PROBLEM LINK:
Contest Division 1
Contest Division 2
Contest Division 3
Contest Division 4
Setter: Sandeep V
Tester: Istvan Nagy, Aryan
Editorialist: Vijay
DIFFICULTY:
Simple
PREREQUISITES:
None
PROBLEM:
Dazzler has a task for you.
Given two positive integers A and B, find two positive integers i and j such that:
- gcd(i,j) \gt 1;
- A \leq i \lt j \leq B;
- The value (i + j) is minimum possible.
If there are multiple solutions, you may print any of them.
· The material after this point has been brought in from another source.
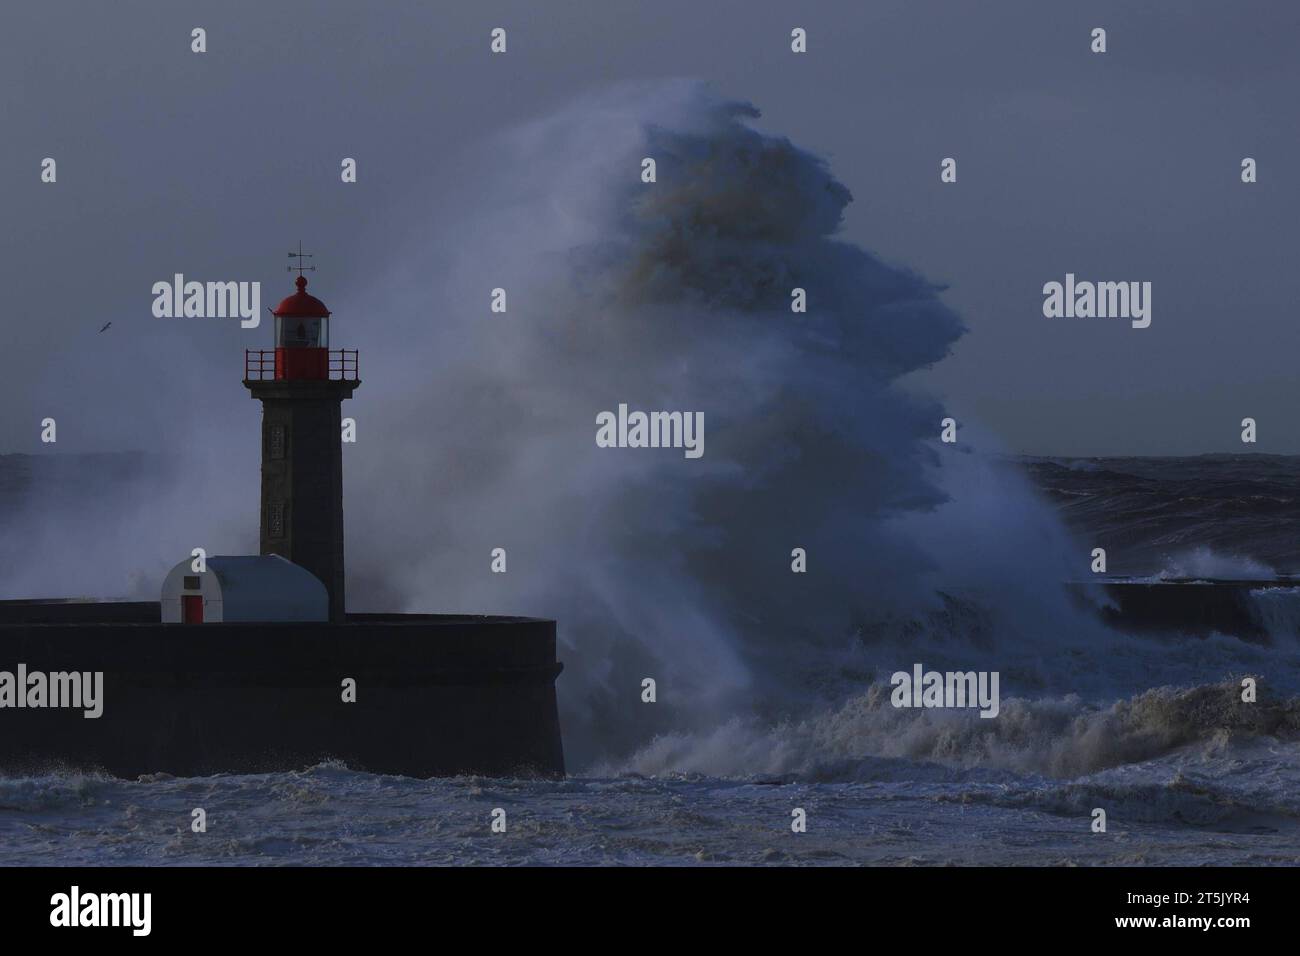 PRT - PORTUGAL/CLIMATE - INTERNATIONAL PRT - PORTUGAL/WEATHER - INTERNATIONAL - Bad weather causes strong waves in the sea at Farol de Felgueiras, located in Foz do Ouro, in Porto, Portugal, this Sunday, 05. 05/11/2023 - Photo: RAURINO MONTEIRO/ATO PRESS/ STATE CONTENT PRT - PORTUGAL/CLIMATE - INTERNATIONAL Harbor Copyright: xRaurinoxMonteirox Credit: Imago/Alamy Live News Stock Photo

If no such pair exists, print -1.
EXPLANATION:
Observation : We can show that for intervals of length greater than or equal to 4, we can always find two numbers such that their gcd is greater than 1.
Suppose we have an interval of length greater than or equal to 4 . Now,if the interval starts from x , we can write the first 4 numbers as (x,x+1,x+2,x+3). Now, if x is even, then we have (x, x+2) as even, otherwise we have (x+1, x+3) as even. Thus, we have a valid pair of (A, B) with sum at most 2 \cdot x+4. Now, if any of A or B is greater than or equal to x+4, we will have the sum greater than or equal to 2 \cdot x + 4. Thus, this will not further improve the answer. So, we can simply ignore and truncate the interval up to length 4.
Now we can just brute force on this truncated interval which can have at most length 4 to obtain the most optimal pair.
TIME COMPLEXITY:
O(log(min(a,b)) for each test case.
SOLUTION:
Editorialist's Solution
#include <bits/stdc++.h>
using namespace std;
#define nline '\n'
void solve()
{
int a,b;
cin>>a>>b;
int sum=INT_MAX;
pair<int,int>ans={-1,-1};
for(int i=a;i<=min(b,a+3);i++){
for(int j=i+1;j<=min(b,a+3);j++){
if(__gcd(i,j)>1){
if(i+j<sum){
sum=i+j;
ans={i,j};
}
}
}
}
if(ans.first==-1)cout<<-1<<endl;
else cout<<ans.first<<" "<<ans.second<<endl;
}
int main()
{
ios_base::sync_with_stdio(false);
cin.tie(NULL);
int t=1;
cin >> t;
while (t--)
{
solve();
}
}